Jack expressed concern and skepticism that the state will ever reach compliance and be released from court oversight.
“I’m not sure how you’re ever going to get out of monitoring with this attitude,” she said sternly to the state agency staff, admonishing them for not being able to recognize their failures. “When you all step up to the plate and admit your errors, then you can fix them. Until then, it’s not going to work.”
The federal judge also took issue with the state’s capacity issues, as the child welfare agency continues to place children in hotels, churches and other unlicensed placements that are “without sufficiently trained caregivers to monitor and care for children who are under DFPS Supervision,” the court monitors stated.
“You want to protect the providers and not the children. This is a pattern.”
— Judge Janis Graham Jack
From April 1, 2022, through March 31 of this year, 614 children experienced at least one night in one of the unregulated placements — which averaged between 60 and 80 children per night. That average increased to 100 children per night in May, the Imprint reported earlier this month.
Jack also took issue with the use of state law enforcement for security in the hotel rooms – to the tune of $17 million per year.

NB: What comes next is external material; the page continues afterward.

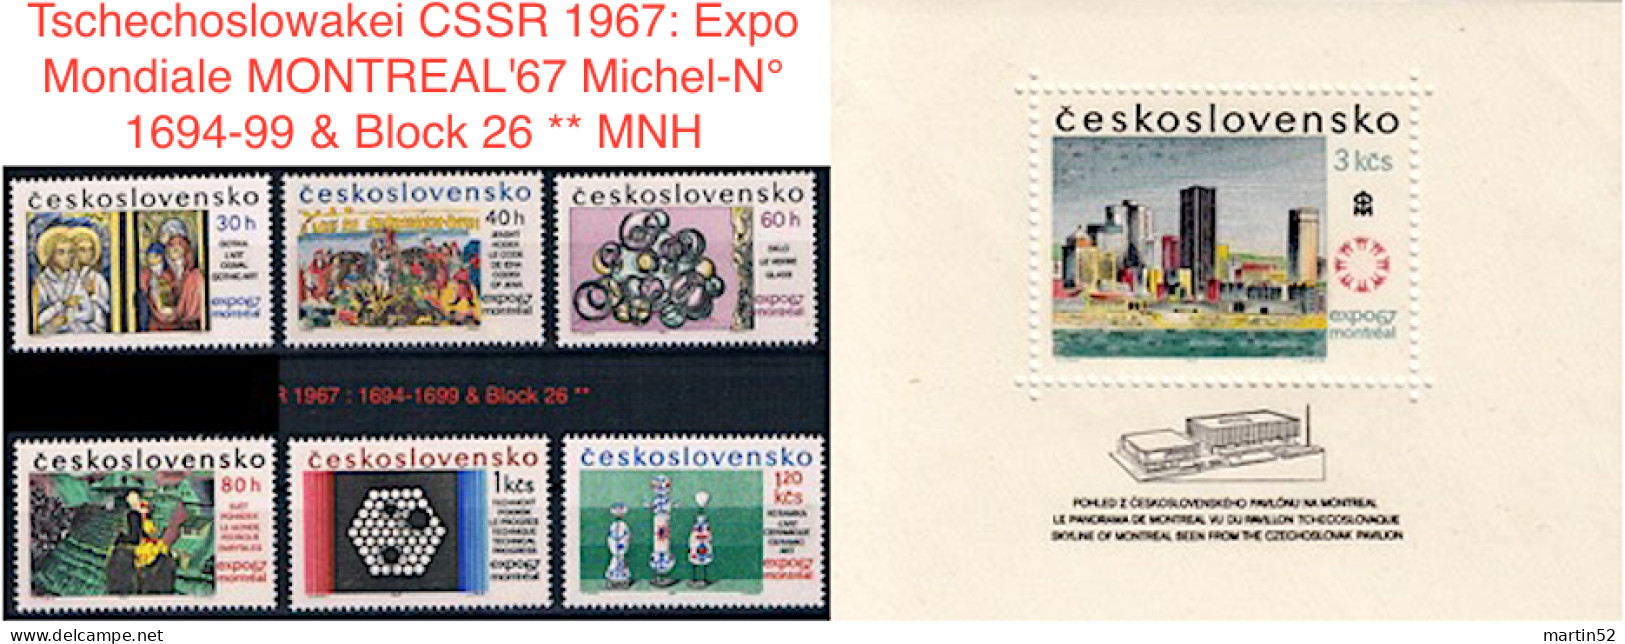 Tschechoslowakei CSSR 1967: Expo Mondiale MONTREAL'67 Michel-N° 1694-99 & Block 26 ** MNH (NOTA BENE) - 1967 – Montreal (Kanada)

Yetter, the attorney for the children, pointed out that staff in residential treatment facilities are not allowed to use stun guns, pepper spray or put children in handcuffs. But that has all happened to children in unlicensed placements. The kids in such settings often have complex treatment needs, and must be with staff who can properly care for them, Jack noted.
Erica Bañuelos, an associate commissioner for Child Protective Services, acknowledged that there have been some instances of handcuffing and pepper spray in some locations, but she added that it’s not the norm.
“If you’re spending $17 million for armed guards, it’s going to become the norm,” Jack countered. “That’s a concern for the court.”